What to do: Copy exactly the lines of the data below, beginning with the line with "Сделать снежные фигуры свои руками" and ending with the line with "Couleurs Caraïbes : voyagez". Pictures are to be omitted.

+++ Record excerpts +++

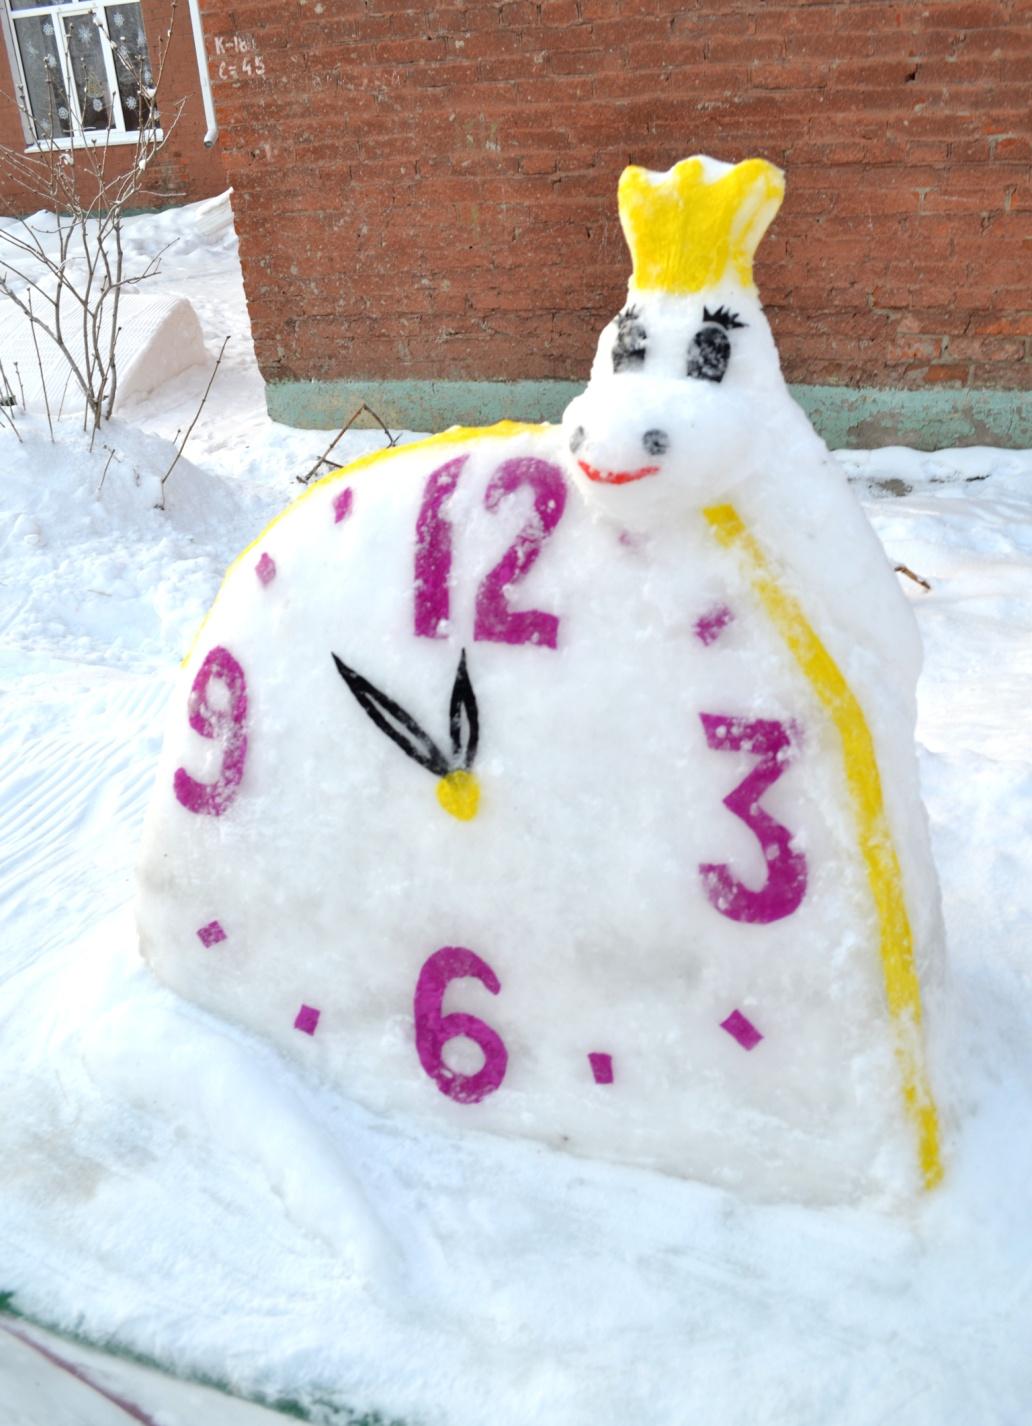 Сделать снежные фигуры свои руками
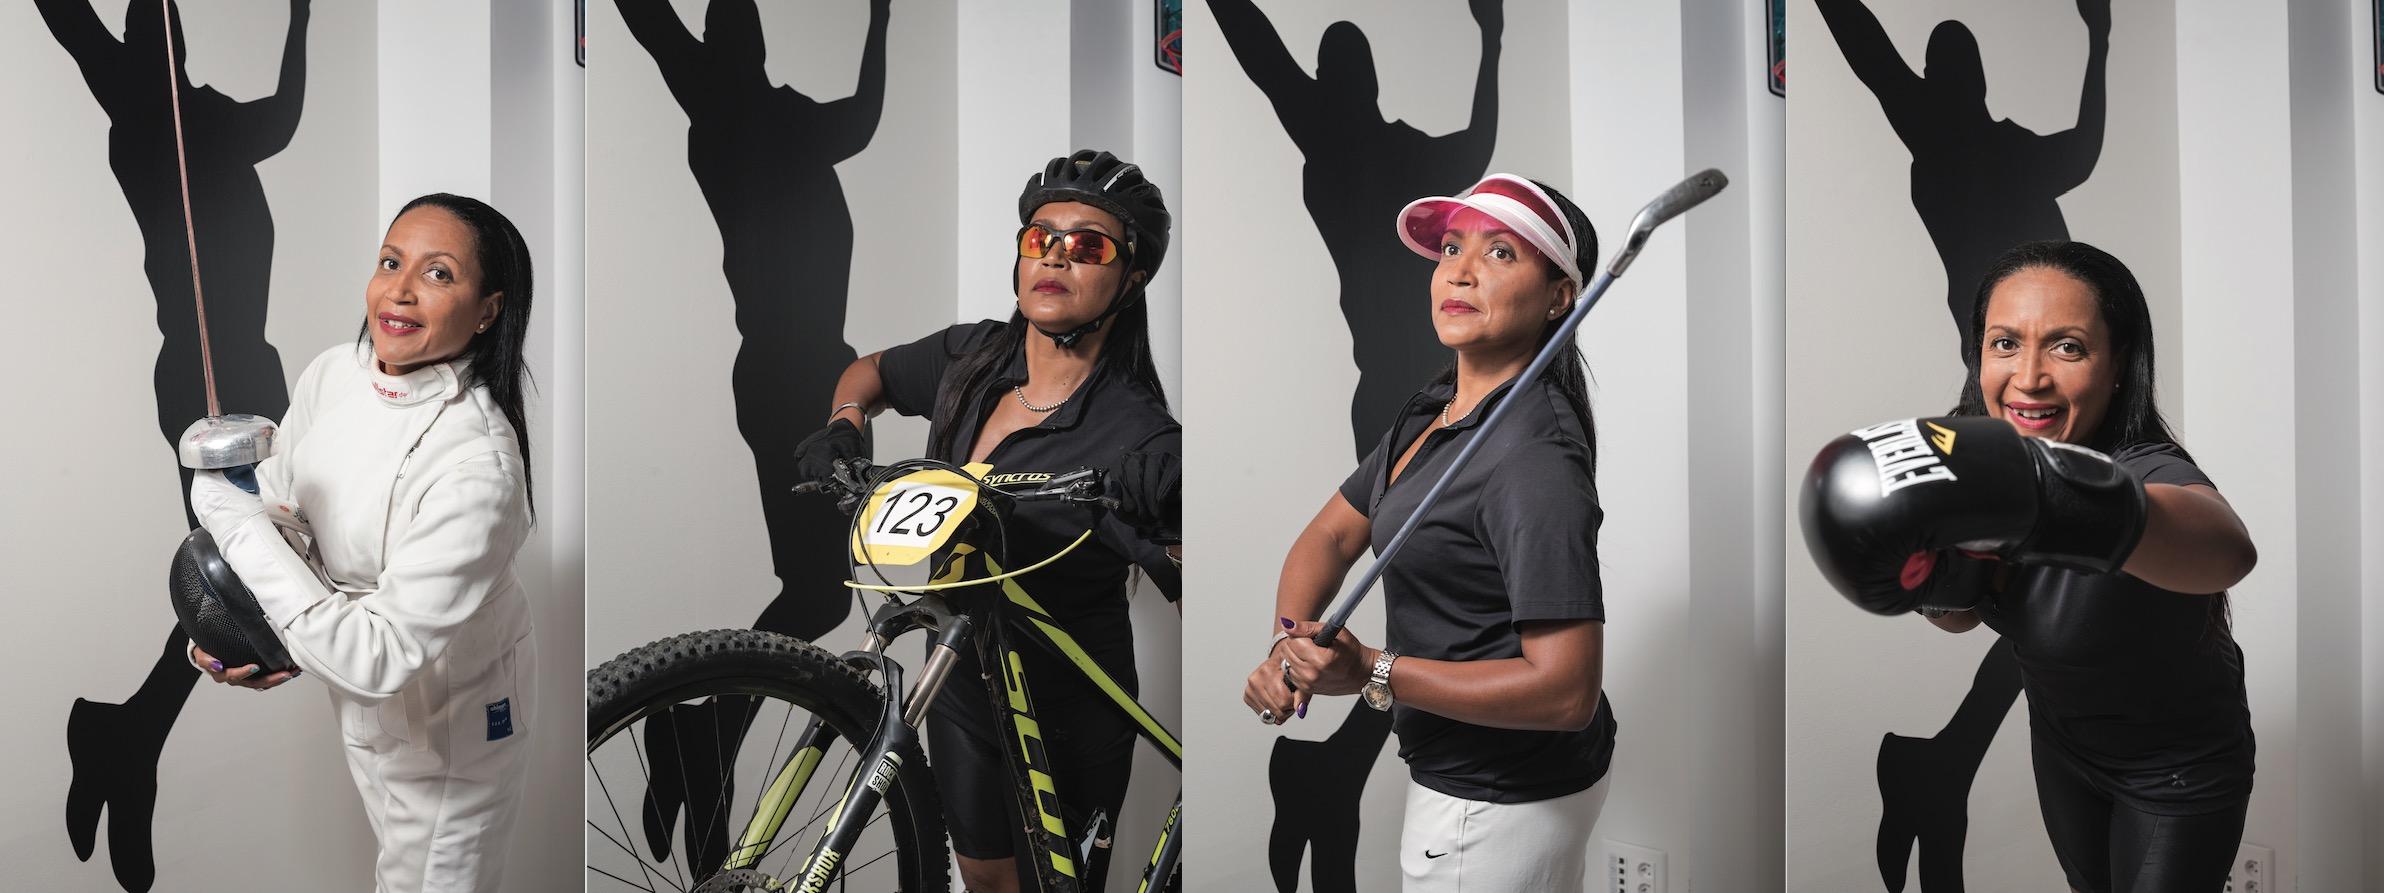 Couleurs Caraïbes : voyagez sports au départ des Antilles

+++
+++ Record excerpts +++

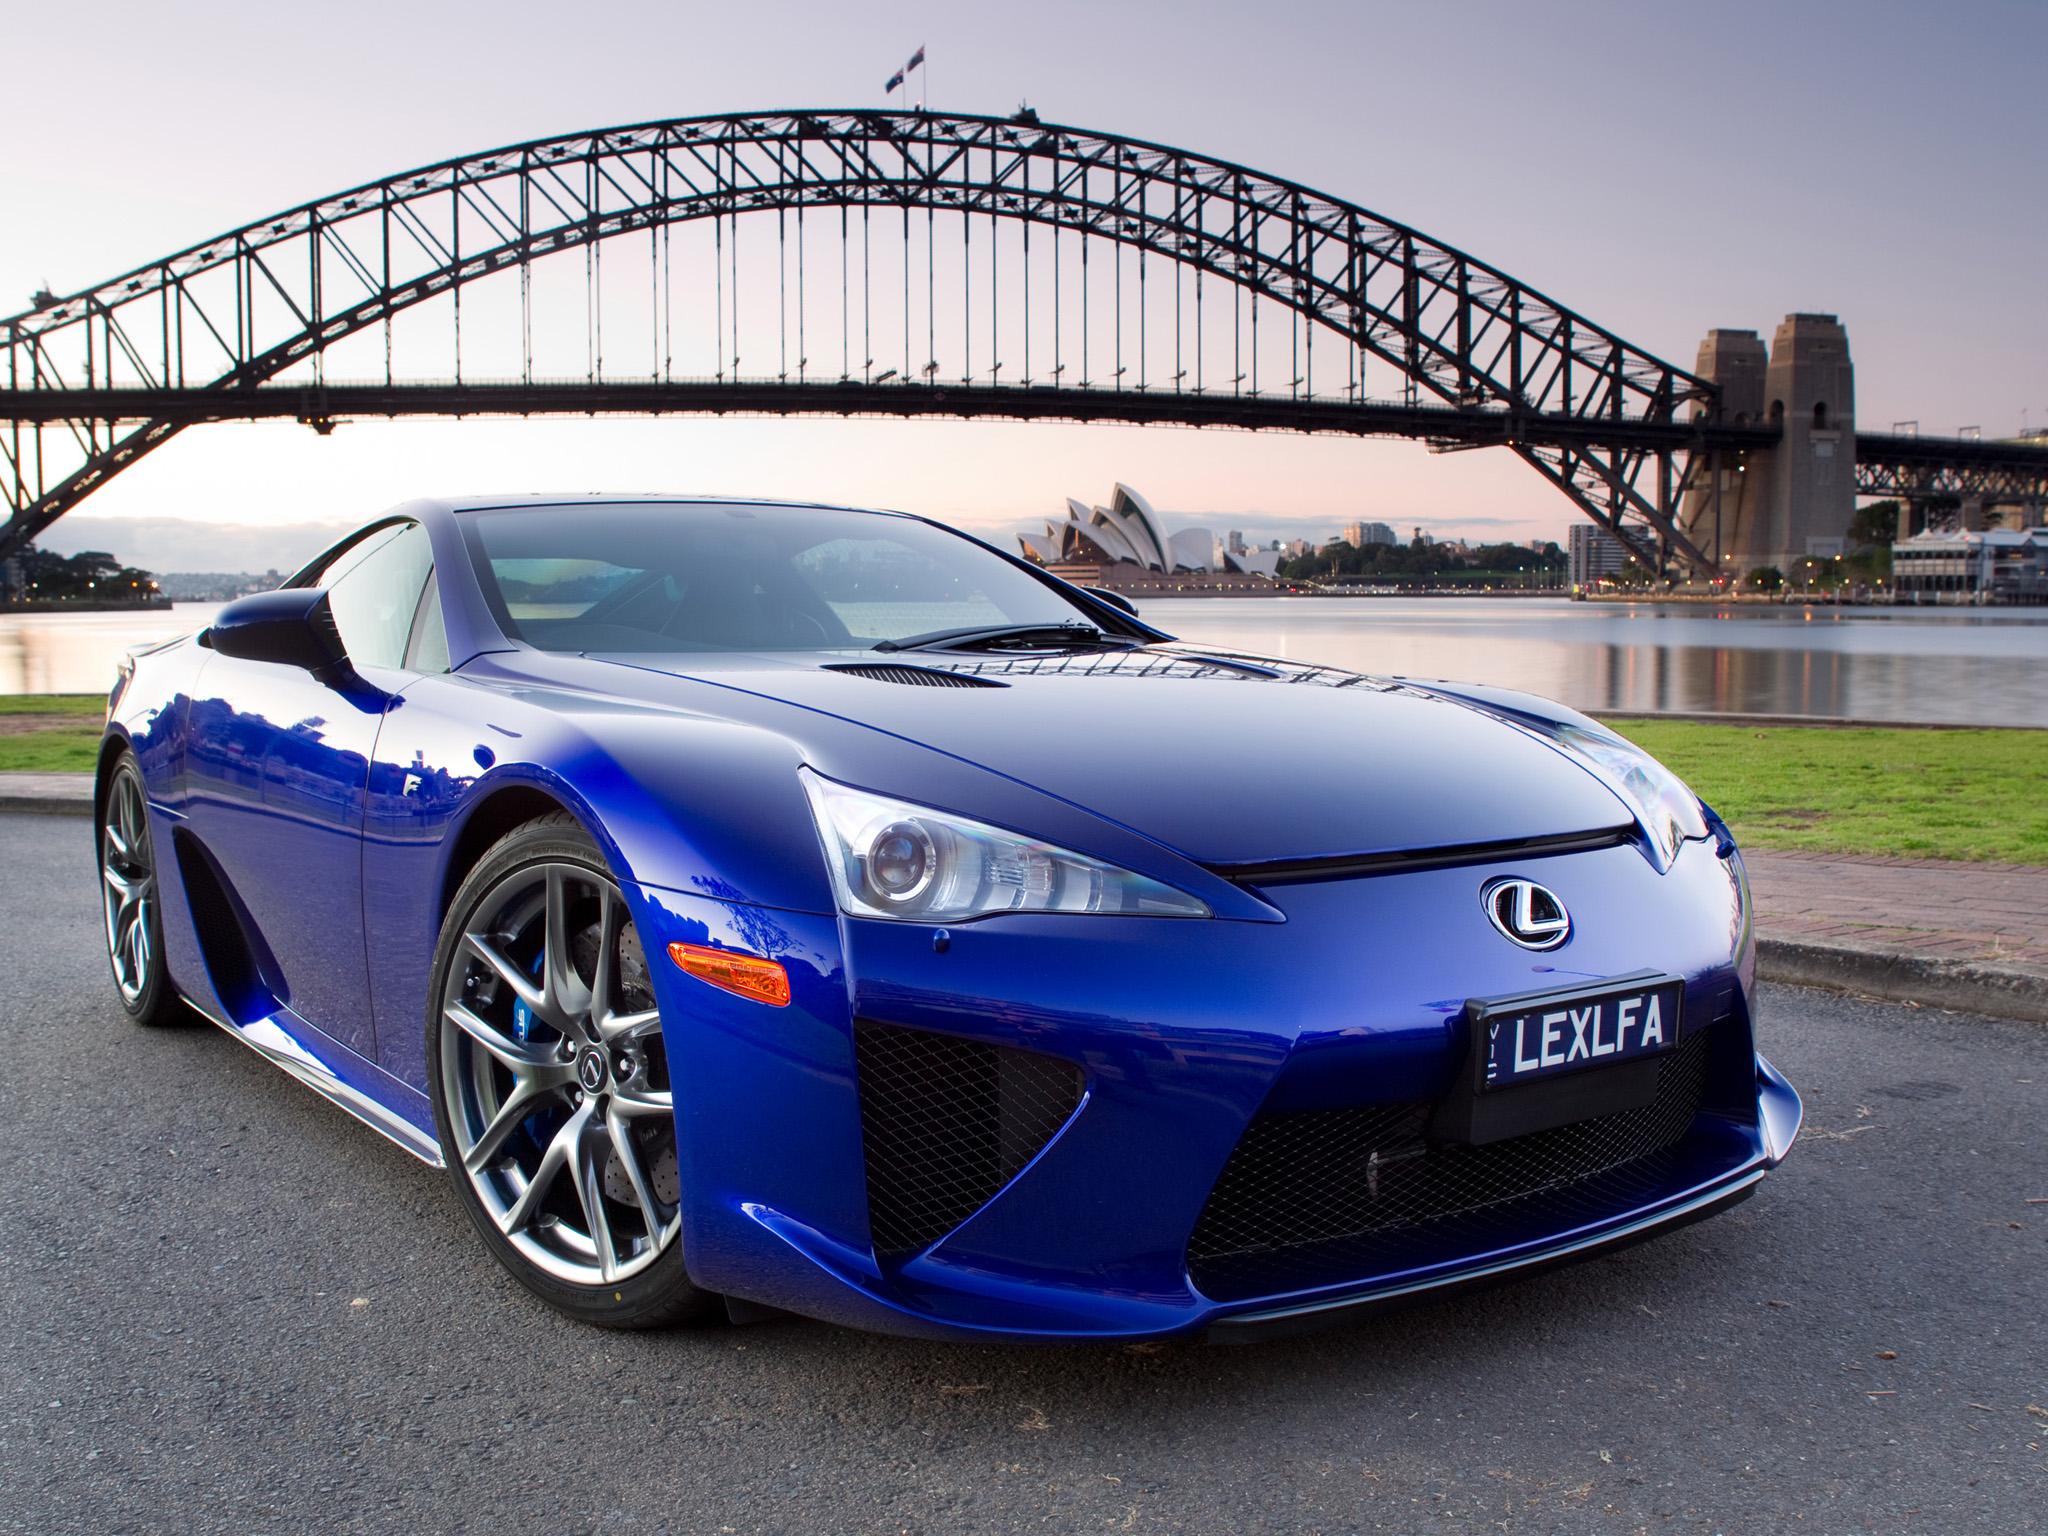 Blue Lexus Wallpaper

+++

Solution for this exercise:
 Сделать снежные фигуры свои руками
 Couleurs Caraïbes : voyagez sports au départ des Antilles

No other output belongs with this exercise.